PROVIDED RECORDS =
* * *
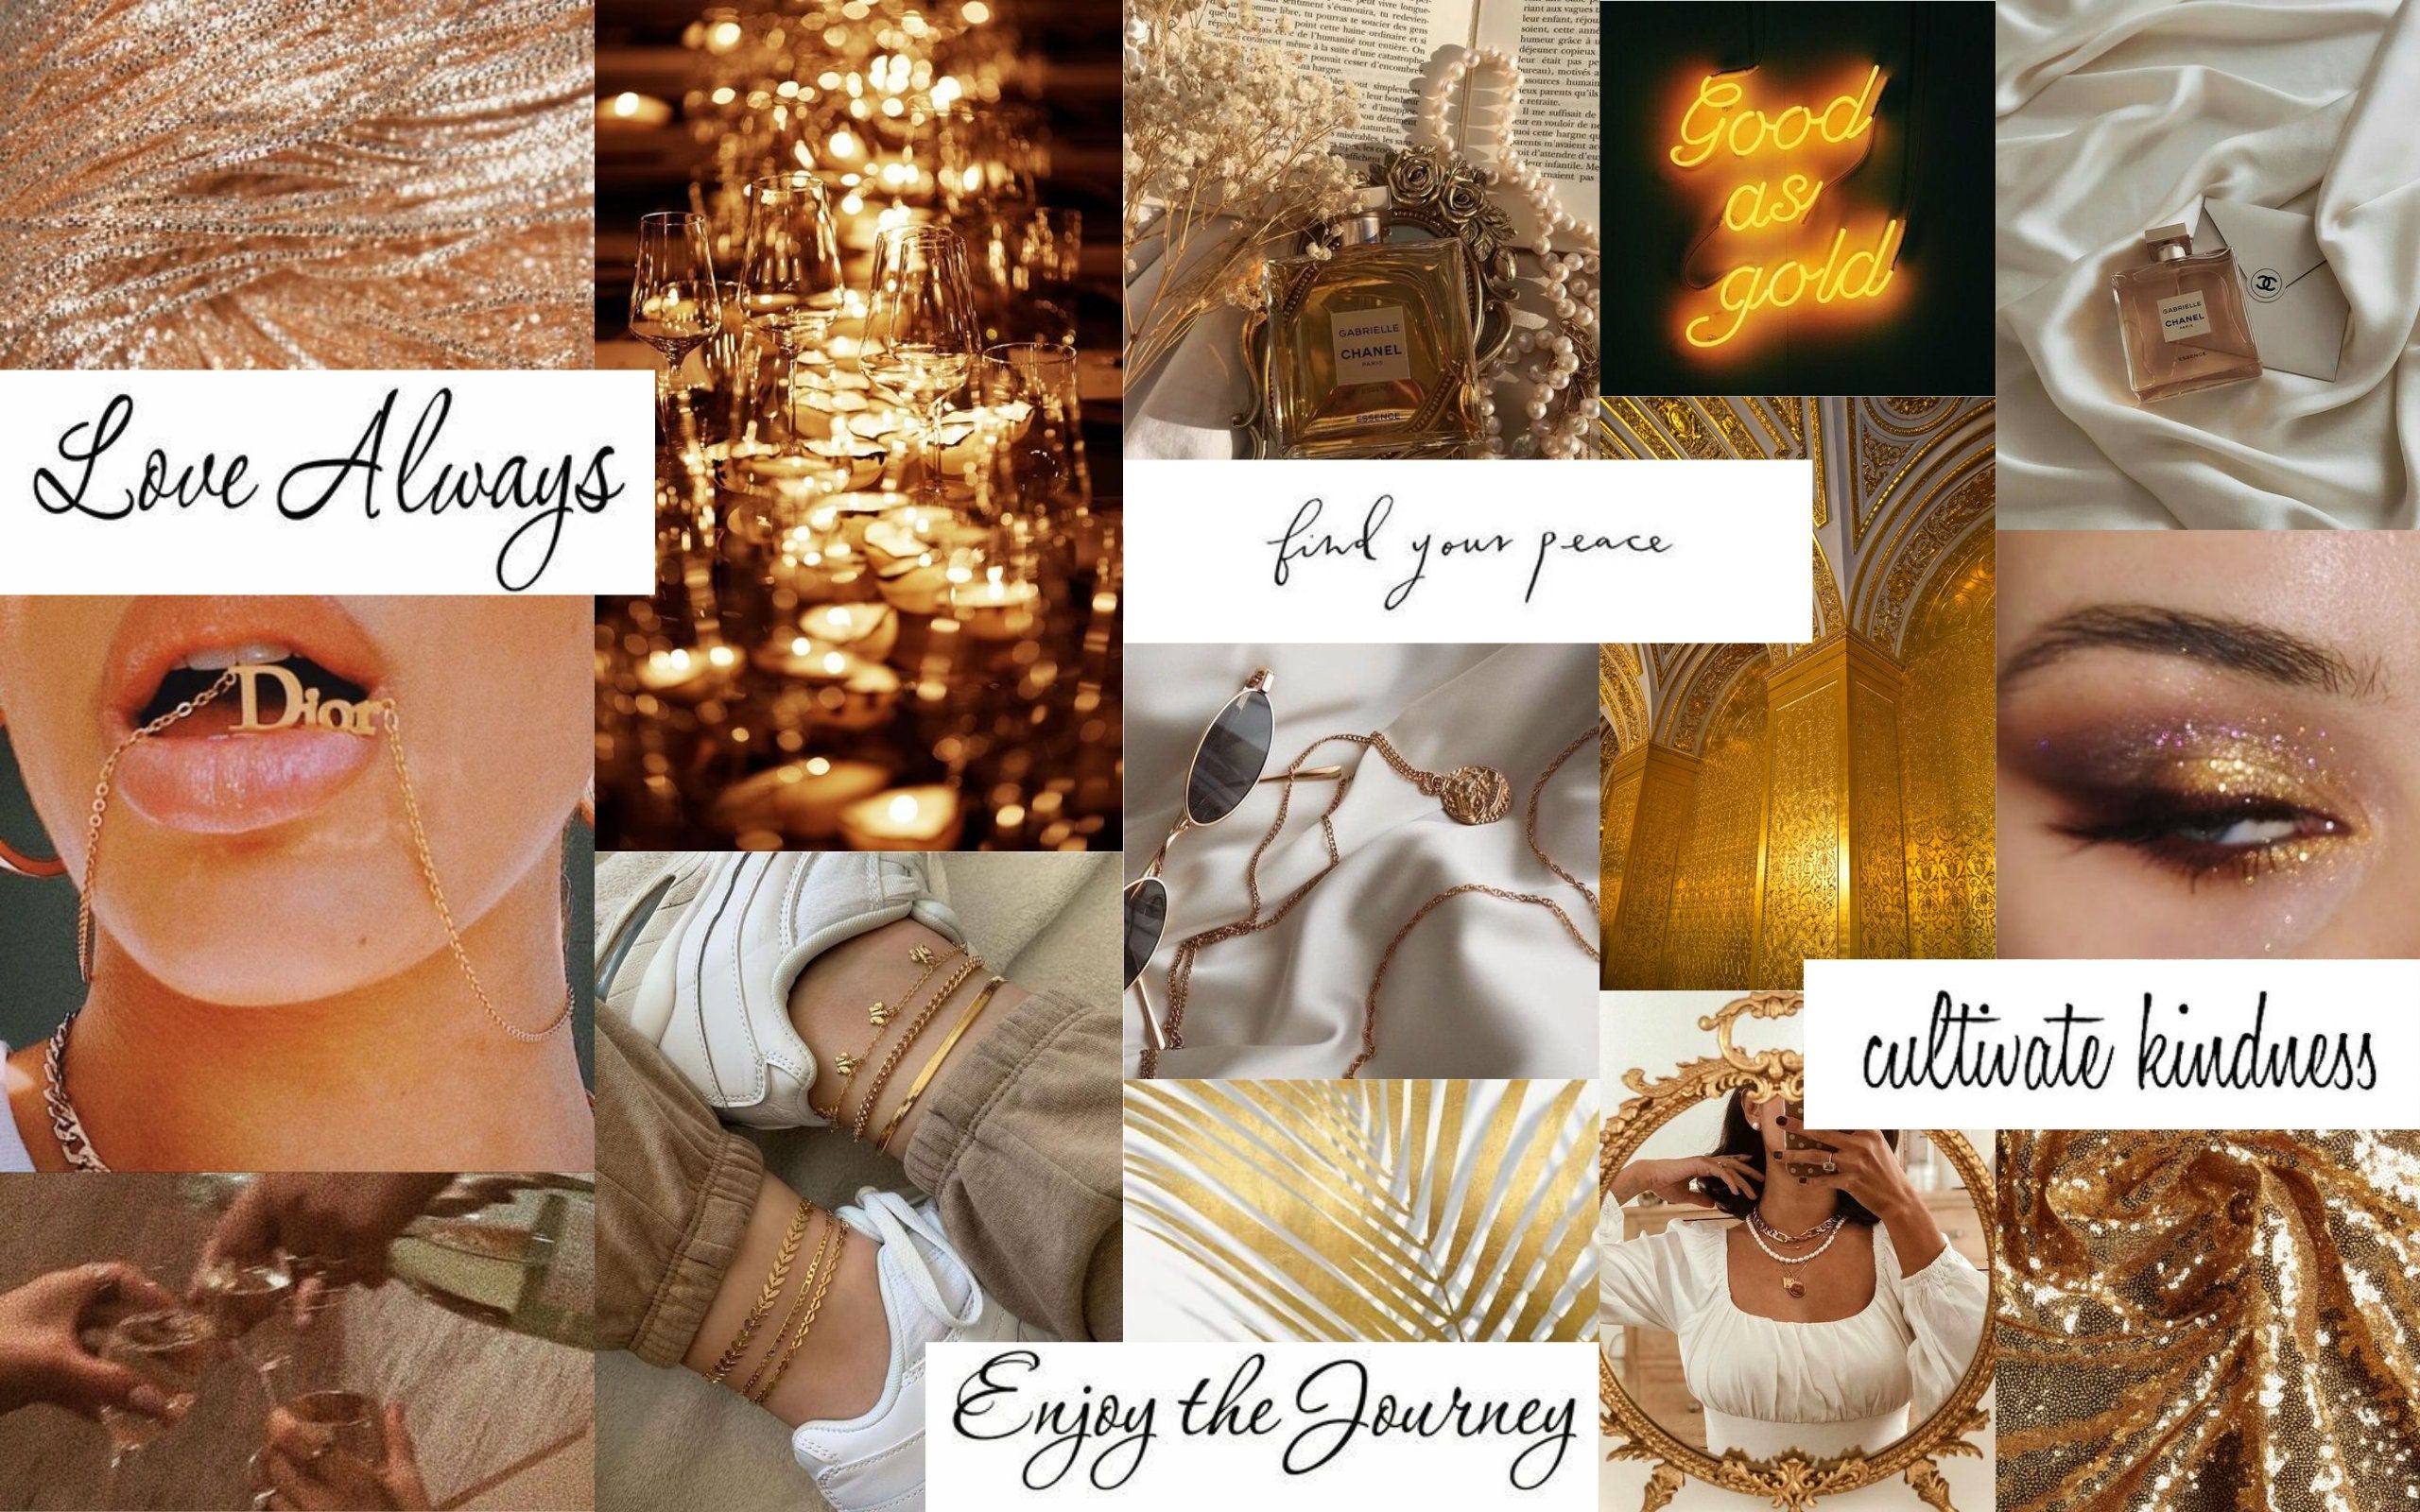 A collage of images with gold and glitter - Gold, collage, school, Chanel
* * *
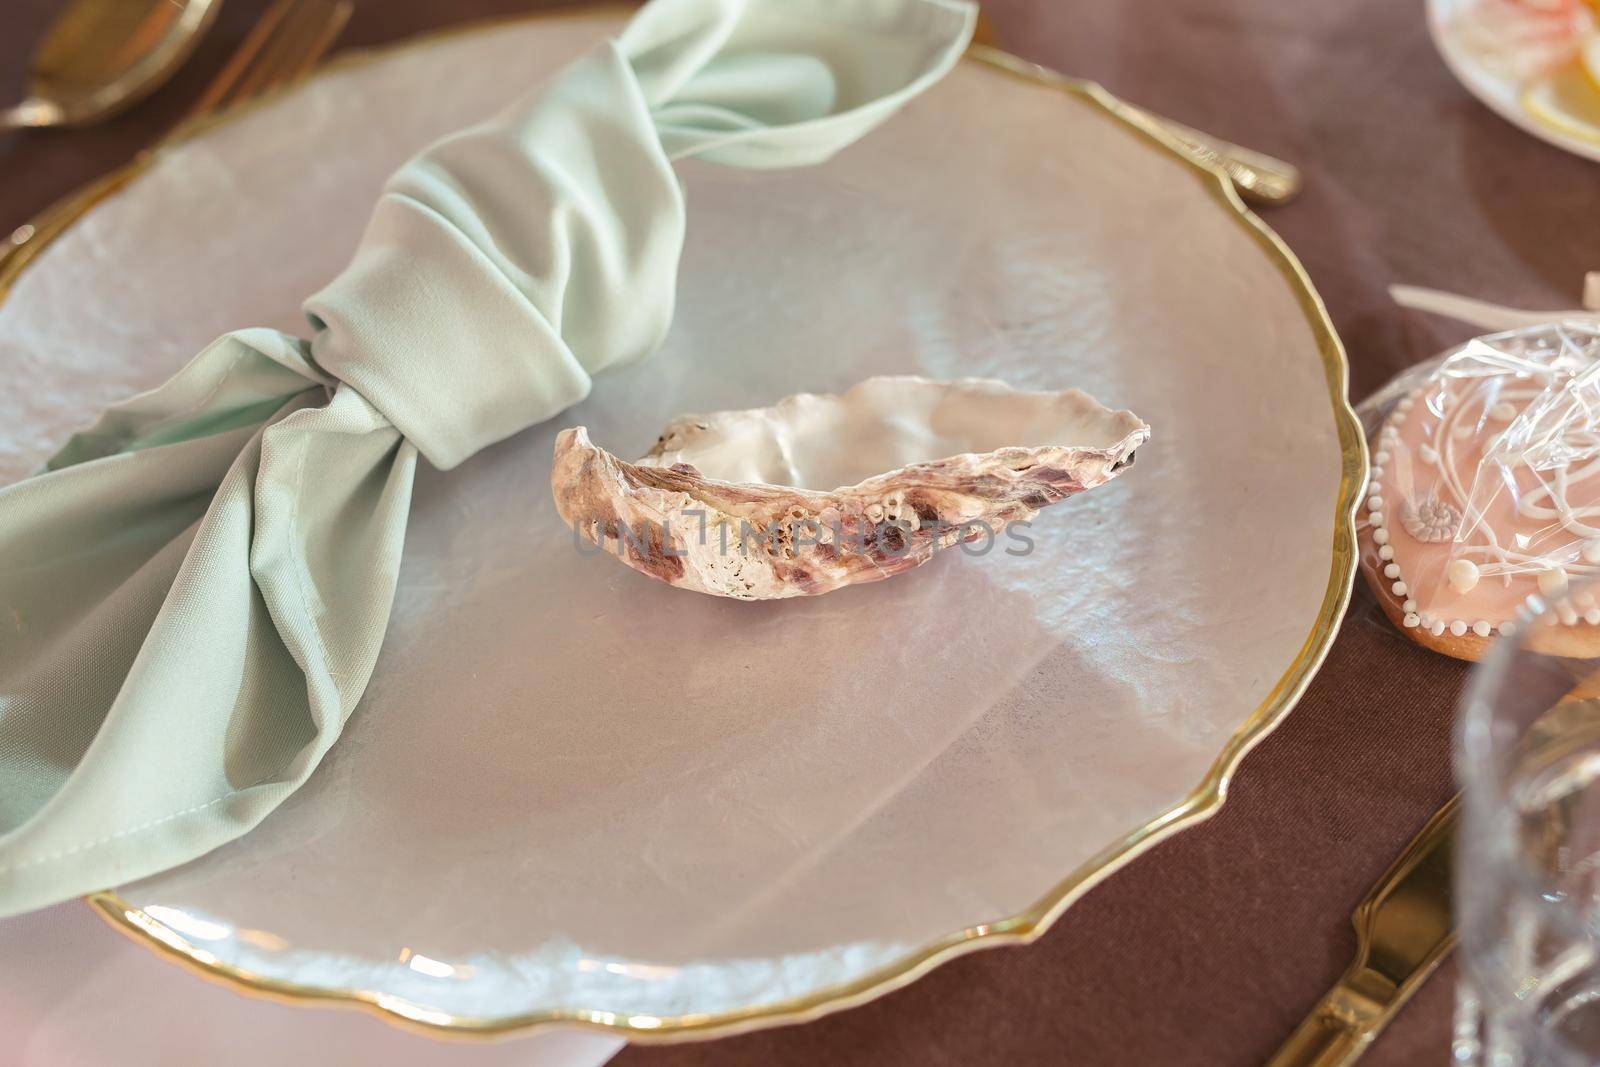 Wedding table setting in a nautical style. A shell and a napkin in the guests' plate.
* * *
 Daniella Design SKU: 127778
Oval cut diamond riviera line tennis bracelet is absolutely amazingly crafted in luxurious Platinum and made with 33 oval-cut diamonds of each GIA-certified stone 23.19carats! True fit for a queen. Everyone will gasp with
* * *
Please output exactly the lines between the one holding "Daniella Design SKU: 127778" and the one holding "Oval cut diamond" in the records above, inclusive, and nothing more.

 Daniella Design SKU: 127778
Oval cut diamond riviera line tennis bracelet is absolutely amazingly crafted in luxurious Platinum and made with 33 oval-cut diamonds of each GIA-certified stone 23.19carats! True fit for a queen. Everyone will gasp with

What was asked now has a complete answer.